Pour donner vie à ses planches, Kazuo Kamimura découpe ses pages en deux cases, quatre cases horizontales, encore trois rangées de deux cases qui se répondent. De cette façon, il donne du rythme à ses dessins et insuffle du mouvement, une dynamique, comme dans Lorsque nous vivions ensemble, où Kazuo Kamimura dessine et redessine la même image en ne changeant qu'un détail à chaque fois.

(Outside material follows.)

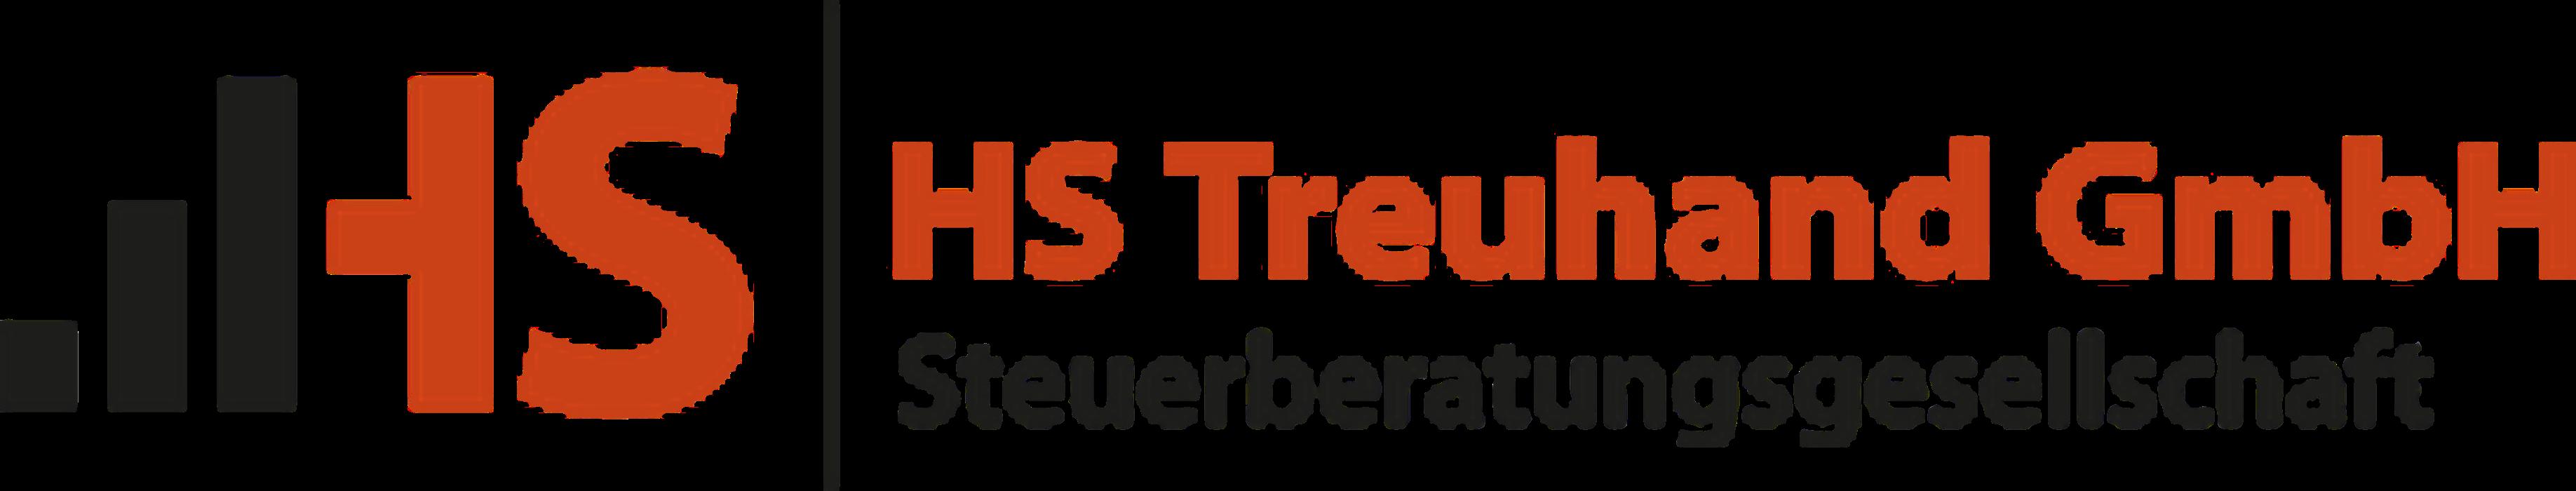 Bild zu HS Treuhand GmbH Steuerberatungsgesellschaft Zweigniederlassung Bühl in Bühl in Baden
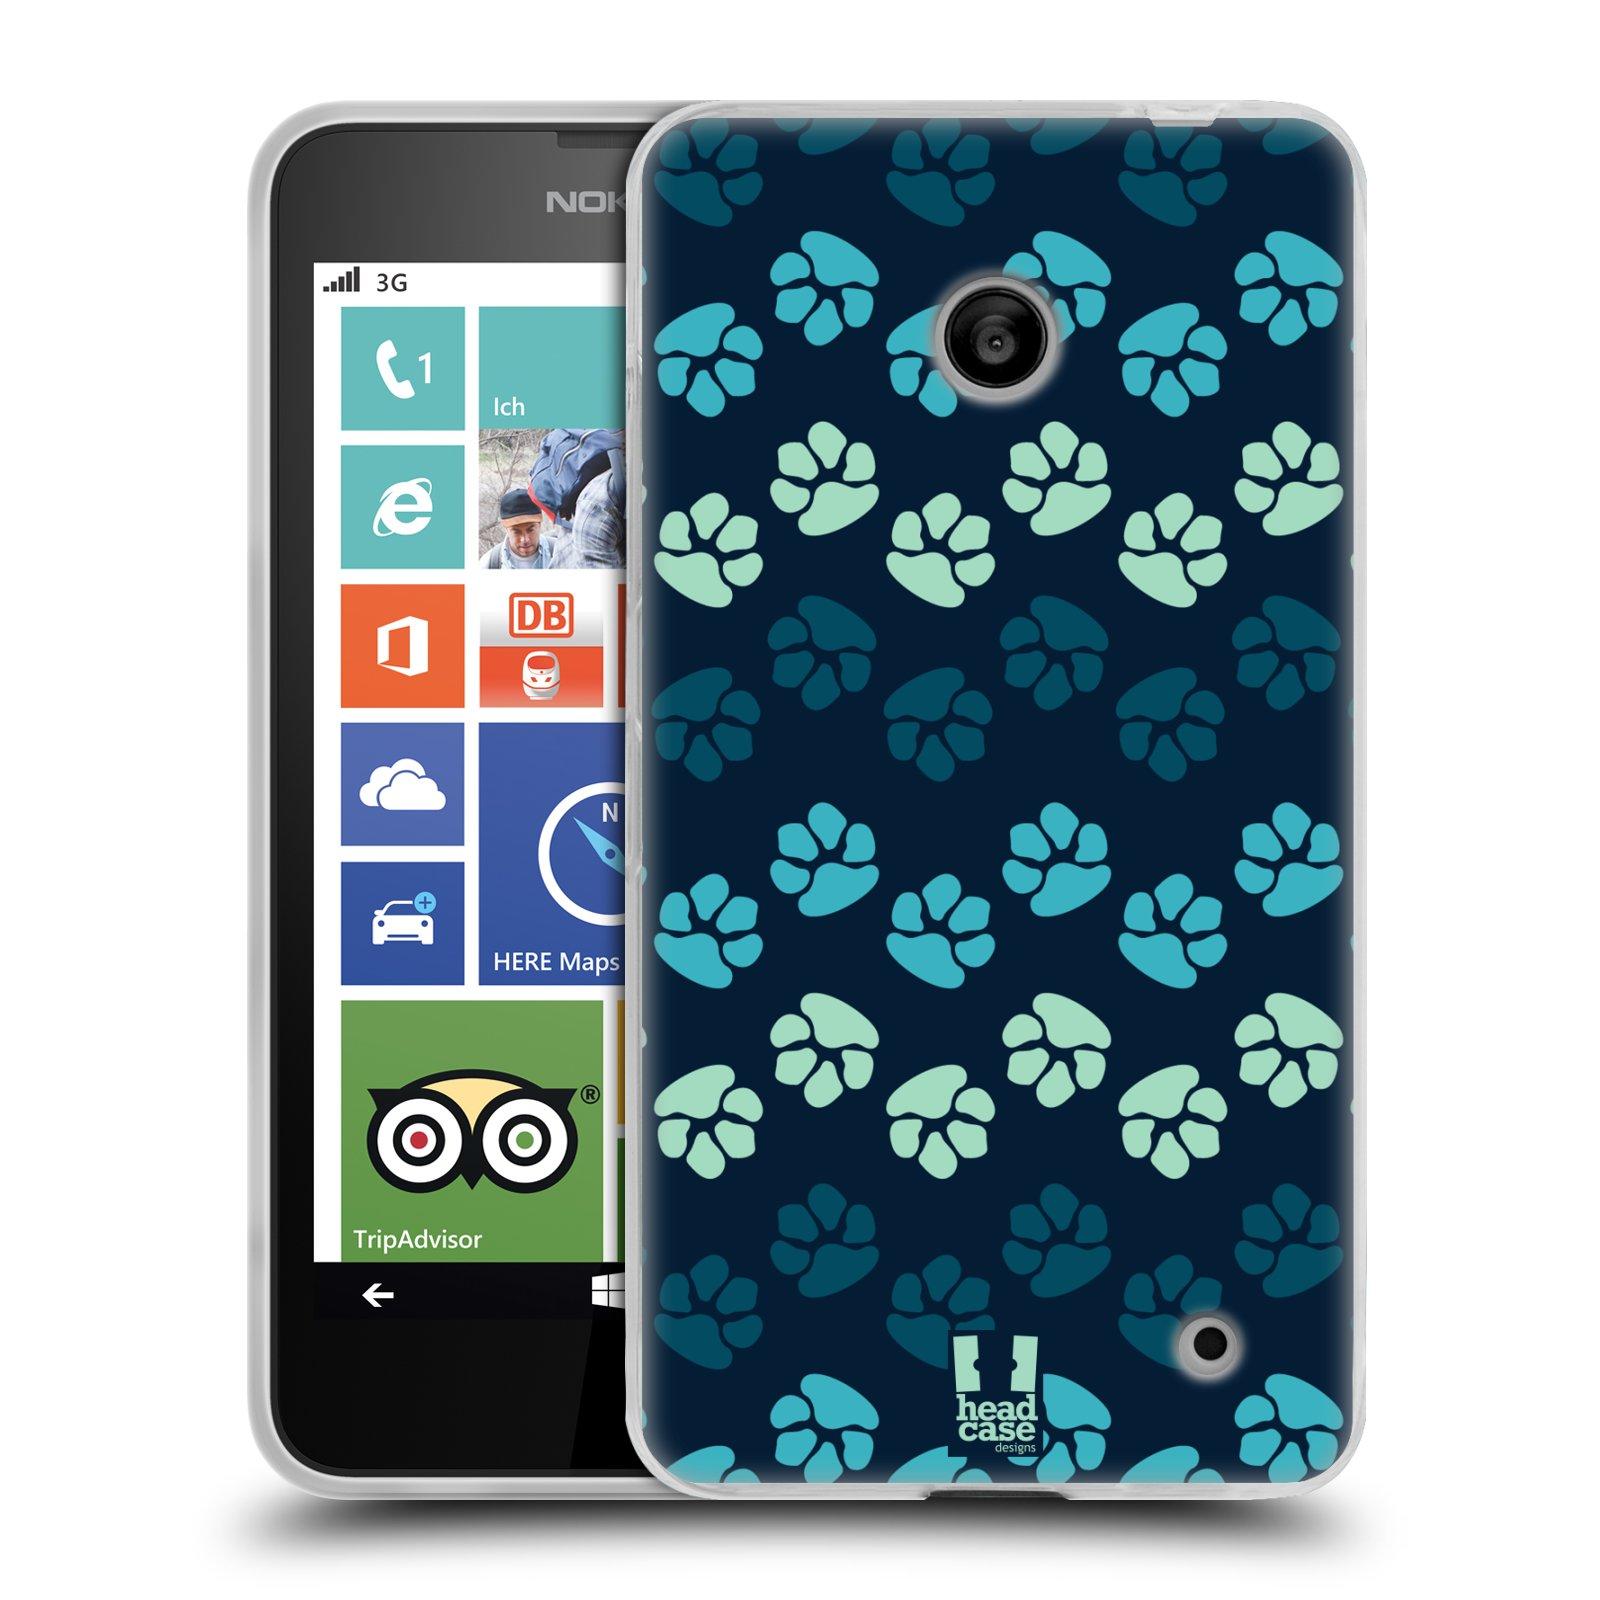 Silikonové pouzdro na mobil Nokia Lumia 630 HEAD CASE TLAPKY MODRÉ (Silikonový kryt či obal na mobilní telefon Nokia Lumia 630 a Nokia Lumia 630 Dual SIM)

Mort à 45 ans d'un cancer au pharynx, Kazuo Kamimura commence sa carrière, en 1964, comme illustrateur dans l’agence de publicité Senkosha. C'est à cette époque qu'il rencontre Yu Aku, un célèbre auteur de chansons japonais, avec qui il va créer le manga Parada, en 1968. En 1969, il publie Kawaiko Sayuri-chan no daraku. Mais c'est avec Lorsque nous vivions ensemble, publié en 1972, qu'il connaît le succès. Cette même année il débute Lady Snowblood, dont Quentin Tarantino s'est fortement inspiré pour son film Kill Bill.
Ses mangas Maria, L’apprentie Geisha, Folles passions, La plaine du Kanto et Le club des divorcés, Lady Snowblood ont été publiés aux éditions Kana.
C'est la première fois que l'art de cet auteur et illustrateur culte des années 1970 est honoré en France.